Aux murs, quasiment aucune œuvre signée Olaf à part celle accrochée au-dessus du canapé (Keyhole 12, 2013) mais nombreuses sont celles de ses pairs, notamment néerlandais comme Max Natkiel qui photographia le mouvement punk dans les années 80 ou Erwin Venema, un ancien stagiaire. Les photos en présence sont de grands clichés pour la plupart, à part trois petits Polaroïds d’Araki. On remarque aussi une petite sculpture de Jeff Koons. Ils se marient à quantité d’objets accumulés par affinité de couleur, de matériau ou de provenance. Erwin pratique beaucoup le troc de ses photographies. Ce joli vase bleu ? Un échange avec Boris Sipek. Ce tapis coloré ? Un échange avec Richard Hutten… Quelques objets de l’éditeur Moooi bien sûr, signés de son compatriote Marcel Wanders ou d’un des designers qu’il a pris sous son aile comme Nika Zupanc et sa lampe Lolita, un prototype dont l’abat-jour est doré à l’intérieur. Et puis des achats de photos d’artistes découverts lors de foires, comme Paris Photo ou Unseen à Amsterdam.

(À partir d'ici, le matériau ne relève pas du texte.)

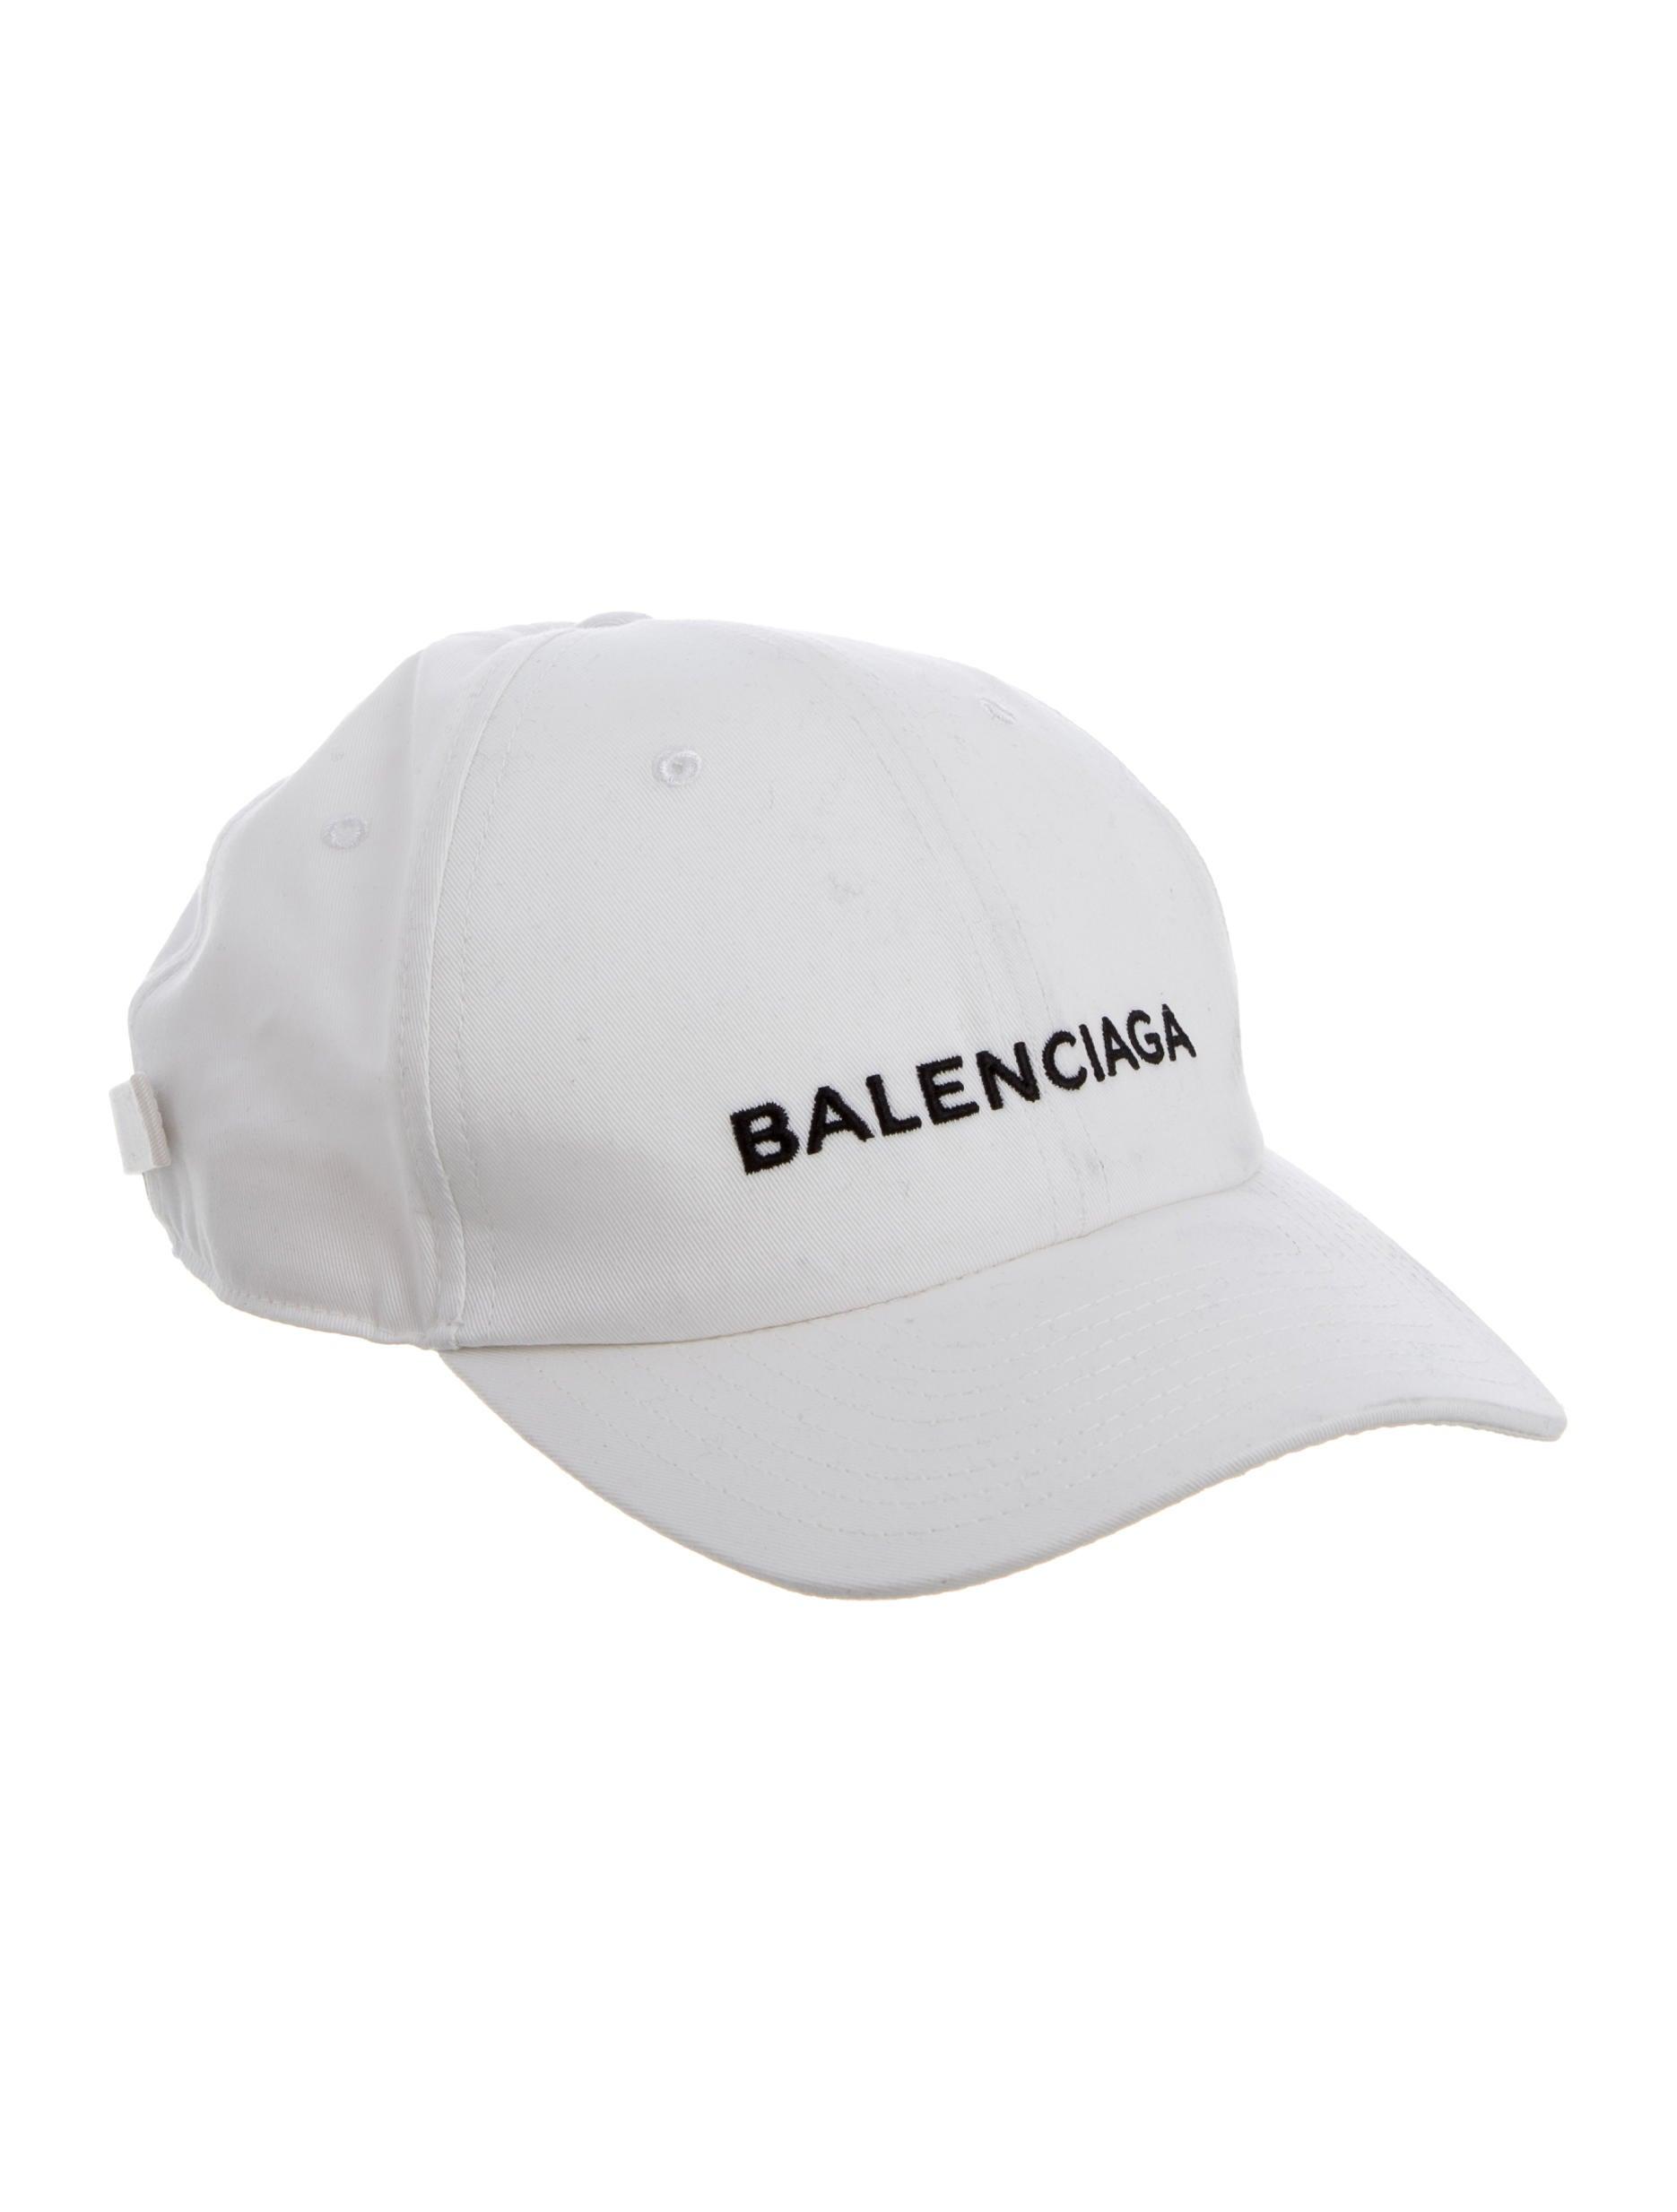 3443b628129cf Balenciaga Logo Baseball Cap - Accessories - BAL45003

Les objets ou les images ne sont pas choisis ici pour leur valeur pécuniaire. On perçoit facilement l’émotion qu’ils ont pu provoquer sans connaître forcément leur histoire. Erwin n’est pas un fan de déco et son confort est simple. À l’opposé de l’atmosphère souvent étouffante de ses images, la maison respire et malgré la fraîcheur, Erwin aime laisser les fenêtres ouvertes. Respirer librement un air sans cesse renouvelé est, du fait de sa maladie pulmonaire, une priorité. Les murs uniformément blancs, la facilité de circulation entre les espaces ouverts, la lumière à la fois traversante et zénithale… tout confère aux espaces une atmosphère saine, aérée.


A LIRE AUSSI : Erwin Olaf : « Seul le temps pourra décider si mes photos sont de l’art »


Son goût pour les années 50 se retrouve dans le choix des chaises qui entourent la table de la salle à manger (vintage 40-50) ou la Lounge chair des Eames. La sophistication théâtrale propre à ses mises en scène artistiques est loin… Néanmoins, à travers quelques objets à la fois étranges et précieux dans leur facture (des bibelots de porcelaine notamment et, à Noël, un sapin surchargé de décorations traditionnelles « obligatoirement » en verre), la sensibilité d’Erwin mêlée à son « héritage » hollandais transparaît. L’artiste au regard magnétique livre son intérieur avec simplicité, sans surinvestir le pourquoi de ses choix domestiques. Sa véritable intimité est à lire dans son œuvre.